OCCUPIED JERUSALEM (AFP)
Israeli planes on Thursday hit targets in the northern Gaza Strip effectively ending an undeclared truce that led to a drop in violence, the Israeli armed forces announced.
Israel's attack came after a dozen rockets were fired towards southern Israel from the Gaza Strip, with the projectiles causing no harm.
"The Israeli air force raid targeted a rocket launch that was ready to fire in the Beit Hanun area in the northern Gaza Strip," an Israeli army spokesman told AFP.
"Twelve rockets were fired from Gaza towards southern Israel overnight," he added. "Two of the rockets exploded at Sderot, damaging a building, but without injuring anybody."
Palestinian hospital officials said no one was hurt in the Beit Hanoun air raid.
Israel and the Palestinians had respected a tacit truce since March 8 which led to a drop in violence.
Israeli undercover agents on Wednesday killed four Palestinian militants, including two senior leaders of the radical Islamic Jihad, in the West Bank town of Bethlehem.

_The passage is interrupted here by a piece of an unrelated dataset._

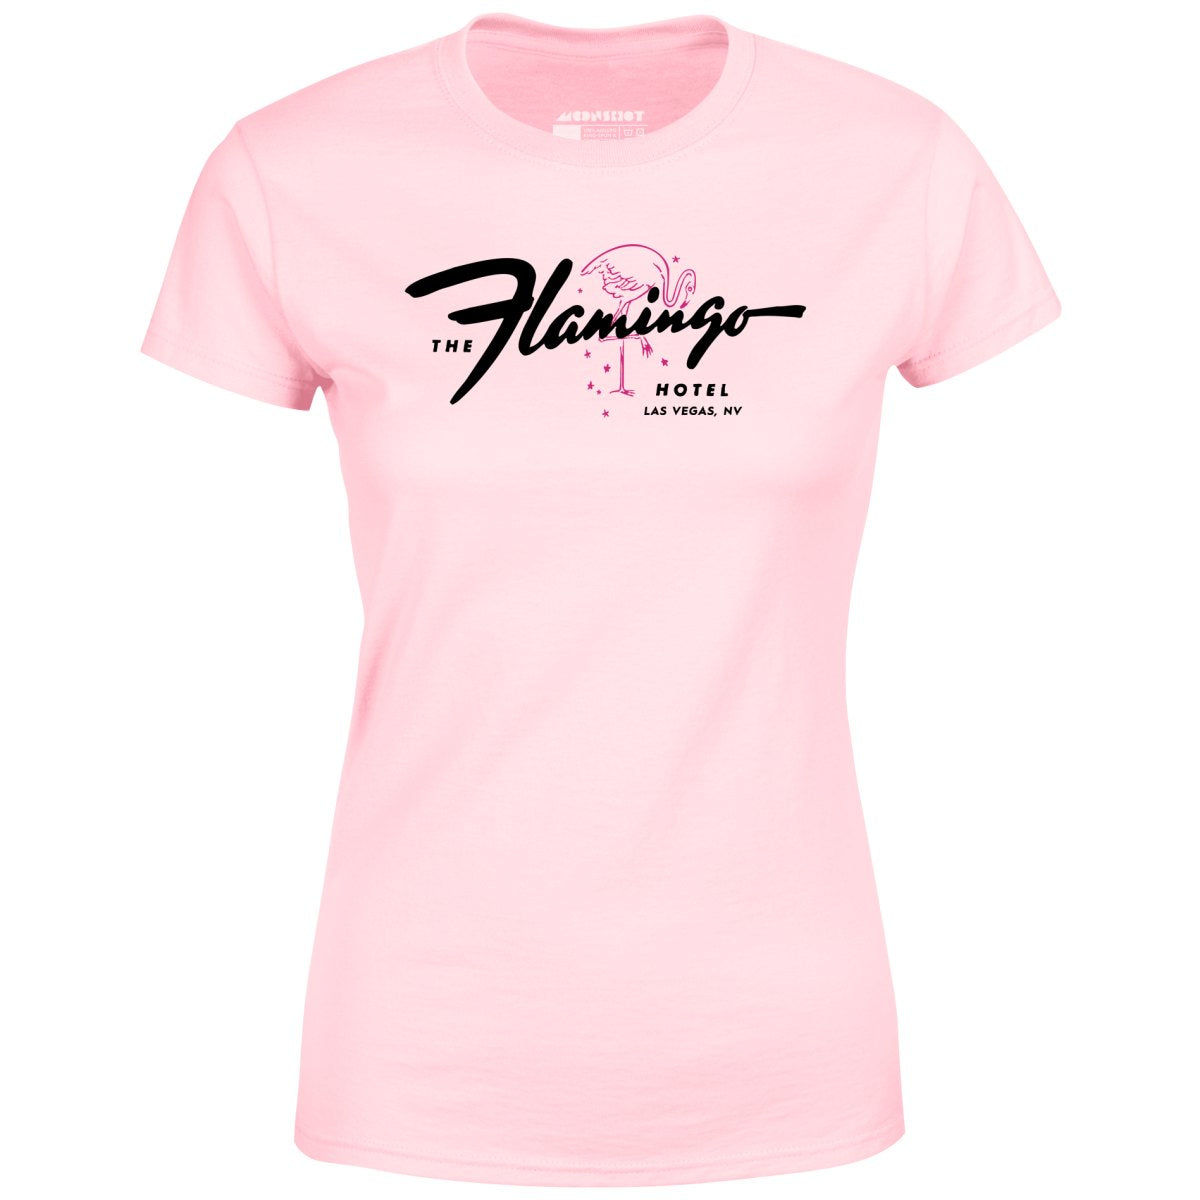 The Flamingo Hotel - Vintage Las Vegas - Women's T-Shirt
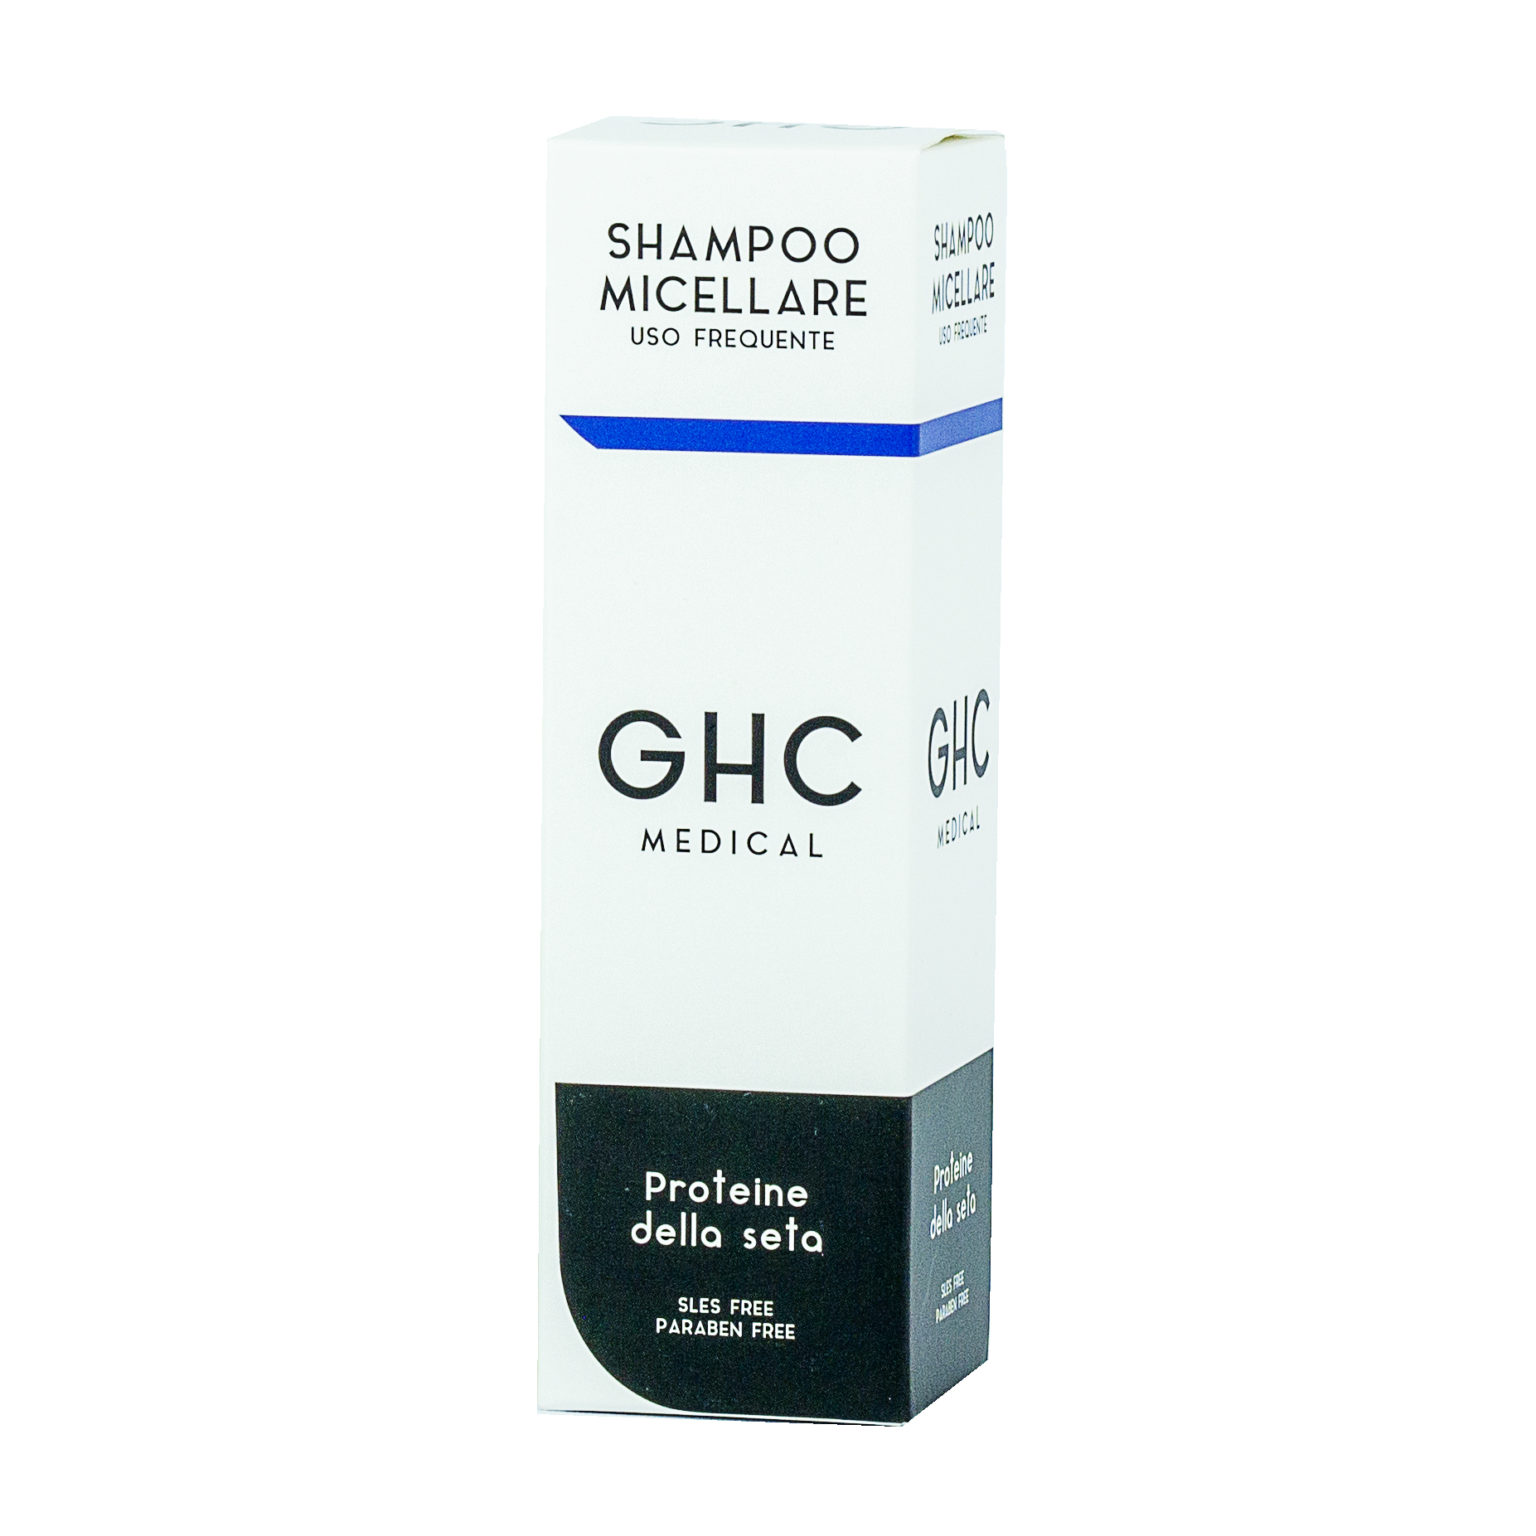 Image of Shampoo Micellare GHC MEDICAL 200ml

The West Bank dead included Mohammed Shahada, 48, a top leader in the armed wing of the Islamic Jihad movement, and Ahmed al-Balbul, 48, a senior official in the Al-Aqsa Martyrs Brigades, an armed group loosely tied to Palestinian president Mahmoud Abbas's Fatah party, Palestinian security officials said.
The other two men were identified as Imad al-Kamel and Eissa Marzuk, both militants in Islamic Jihad.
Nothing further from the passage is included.